Extracted data entries:
________

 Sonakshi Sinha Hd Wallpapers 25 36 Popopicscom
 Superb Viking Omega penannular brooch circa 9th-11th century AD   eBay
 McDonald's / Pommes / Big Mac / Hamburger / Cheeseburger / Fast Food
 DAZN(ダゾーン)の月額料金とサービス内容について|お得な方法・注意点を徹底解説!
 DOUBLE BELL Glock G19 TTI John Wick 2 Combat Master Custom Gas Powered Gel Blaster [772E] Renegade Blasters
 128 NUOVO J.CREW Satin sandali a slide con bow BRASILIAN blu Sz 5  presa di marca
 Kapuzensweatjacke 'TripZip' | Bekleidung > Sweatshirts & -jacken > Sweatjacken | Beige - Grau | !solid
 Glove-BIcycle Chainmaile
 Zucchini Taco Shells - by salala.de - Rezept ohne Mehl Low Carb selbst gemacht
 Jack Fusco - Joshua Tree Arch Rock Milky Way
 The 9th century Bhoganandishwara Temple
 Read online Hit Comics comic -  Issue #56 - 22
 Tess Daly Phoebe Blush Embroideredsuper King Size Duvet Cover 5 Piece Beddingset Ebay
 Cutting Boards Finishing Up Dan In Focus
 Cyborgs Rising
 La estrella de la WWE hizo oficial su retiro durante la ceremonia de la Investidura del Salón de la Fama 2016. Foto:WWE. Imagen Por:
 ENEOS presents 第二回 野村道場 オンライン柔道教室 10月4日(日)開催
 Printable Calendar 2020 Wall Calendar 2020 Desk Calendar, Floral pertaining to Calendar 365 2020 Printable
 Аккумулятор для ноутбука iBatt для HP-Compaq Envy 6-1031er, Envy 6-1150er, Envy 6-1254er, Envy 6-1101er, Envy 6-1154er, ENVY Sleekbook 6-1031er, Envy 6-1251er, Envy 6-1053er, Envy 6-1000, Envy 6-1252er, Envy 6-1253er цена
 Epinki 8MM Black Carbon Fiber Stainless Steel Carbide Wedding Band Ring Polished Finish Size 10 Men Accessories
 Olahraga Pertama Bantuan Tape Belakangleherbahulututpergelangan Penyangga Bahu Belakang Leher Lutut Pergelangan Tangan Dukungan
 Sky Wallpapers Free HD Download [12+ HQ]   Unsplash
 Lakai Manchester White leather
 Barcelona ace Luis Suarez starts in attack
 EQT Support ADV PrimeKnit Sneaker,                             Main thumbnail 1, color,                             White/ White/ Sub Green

________

> About this exercise
Every line above that holds "Wallpapers" should be copied out.

> Solution to the exercise
 Sonakshi Sinha Hd Wallpapers 25 36 Popopicscom
 Sky Wallpapers Free HD Download [12+ HQ]   Unsplash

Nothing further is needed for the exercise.